The other solution that would be almost impossible to code is that cities that are not the capitals of each of the states have to gift food so that they remain low population and the capitals city sites remain high.

Well how big is a BFC (in miles/kilometres diameter)? Both Sydney and Melbourne had goldfields which I'm sure would be in their BFC. Similarly for Adelaide's and "Sydney's" (ie. the Hunter) wine regions (admittedly introduced). Sydney certainly has coal. Sheep and cattle were introduced, but they certainly thrived (especially sheep where Australia almost cornered the world wool market). The east coast certainly also has fish, shellfish and whale resources (probably elsewhere too).
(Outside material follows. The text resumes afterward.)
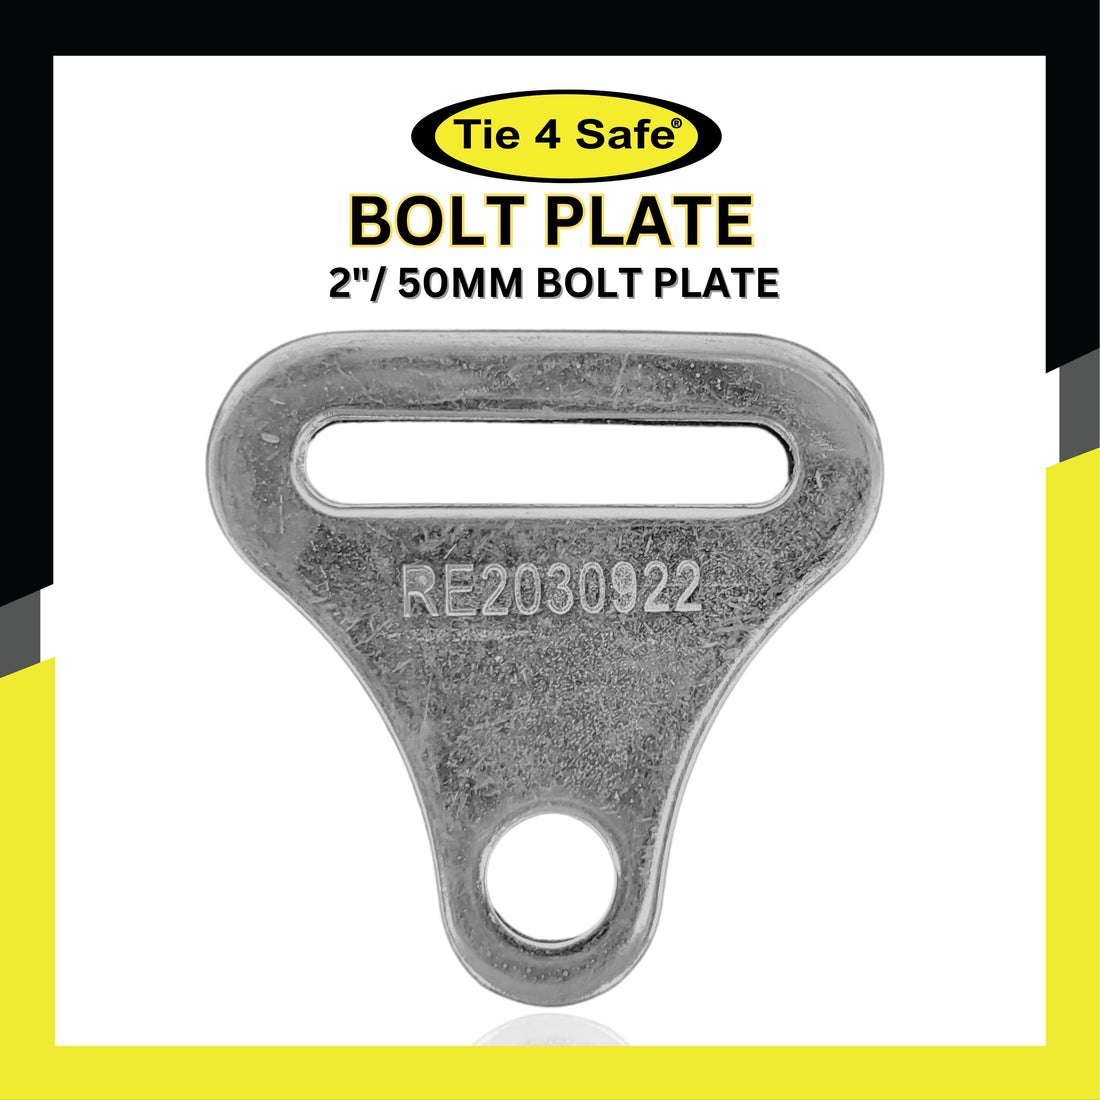 2"/ 50mm Bolt Plate
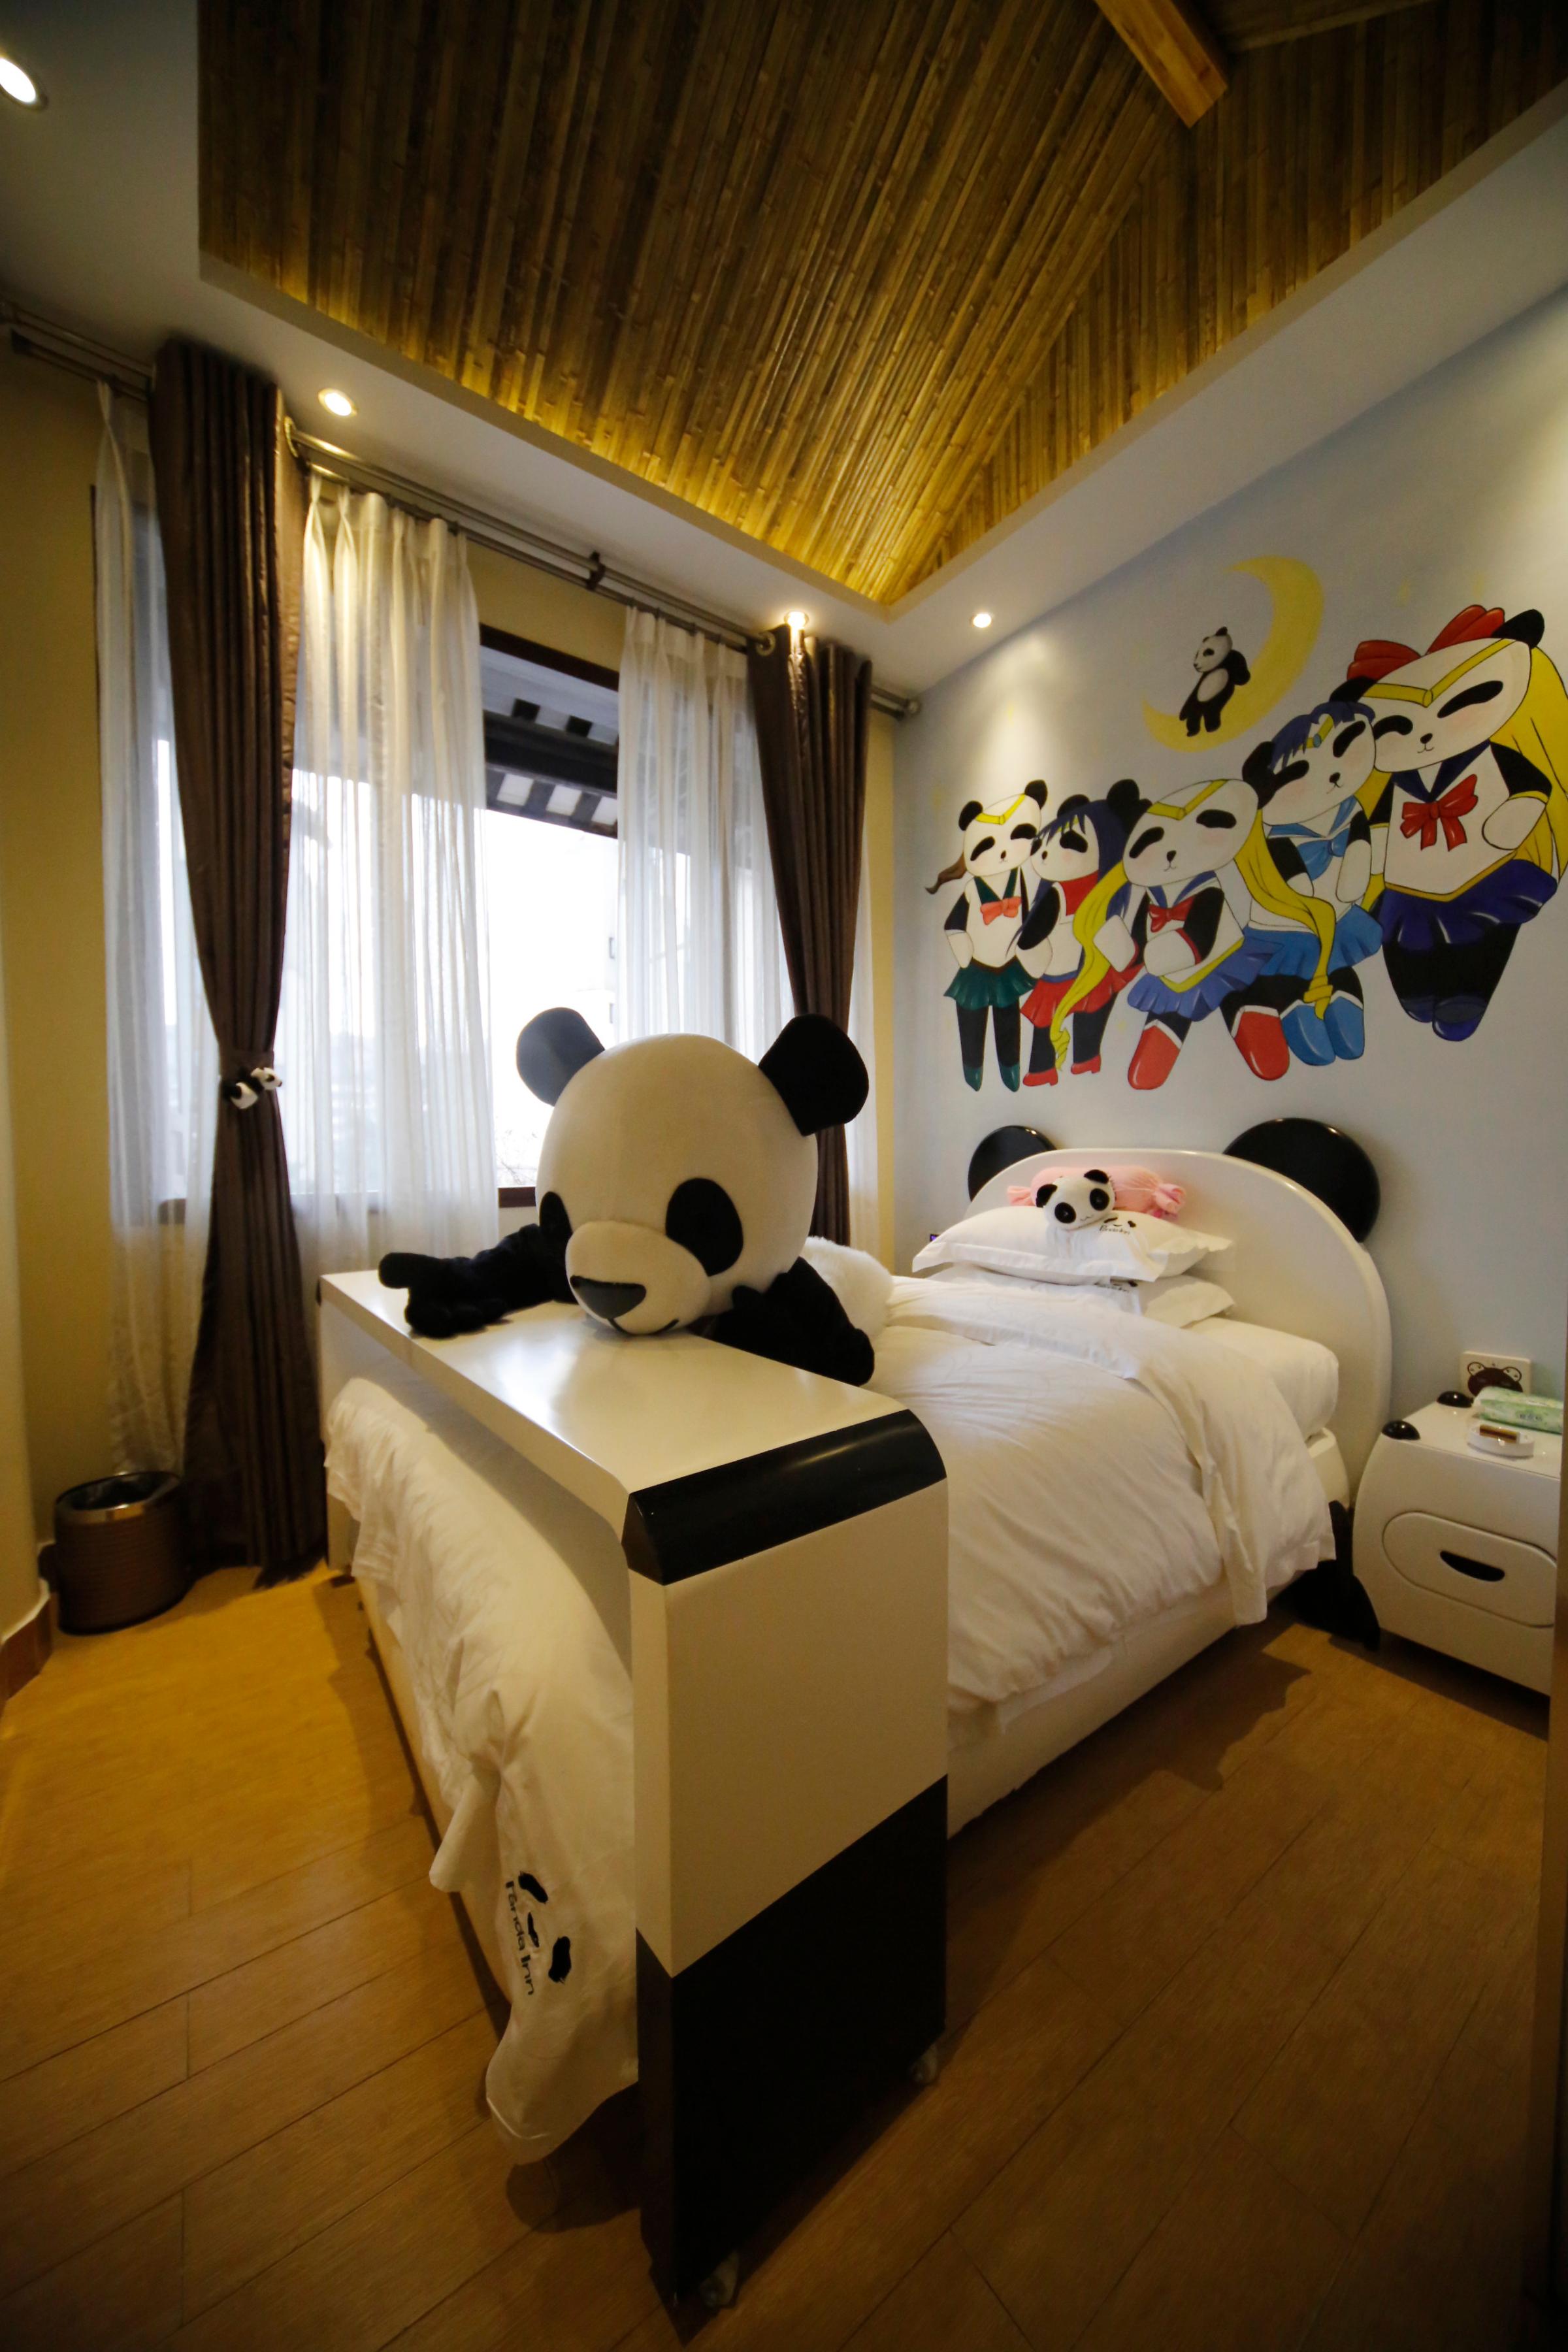 CHINA-LIFESTYLE-PANDA-HOTEL

But there are certainly a lot of remote mineral resources: iron in the north-west, gold and other things in the south-west inland (Kalgoorlie), south-east inland (Broken Hill) silver and...; north and west of that gems (opals); and uranium in a couple of places (north-central inland is one)

Since the game may not adequately model the insane speculator-driven price-hikes for commodities in the (so-called:rolleyes:) real world, these remote locations may not be viable city locations in the game. I almost hope so...

I'm no expert, but that's not an exhaustive list by any means. Of course, otoh I'm sure a lot of other places have their resources under-represented in the game too:dunno:.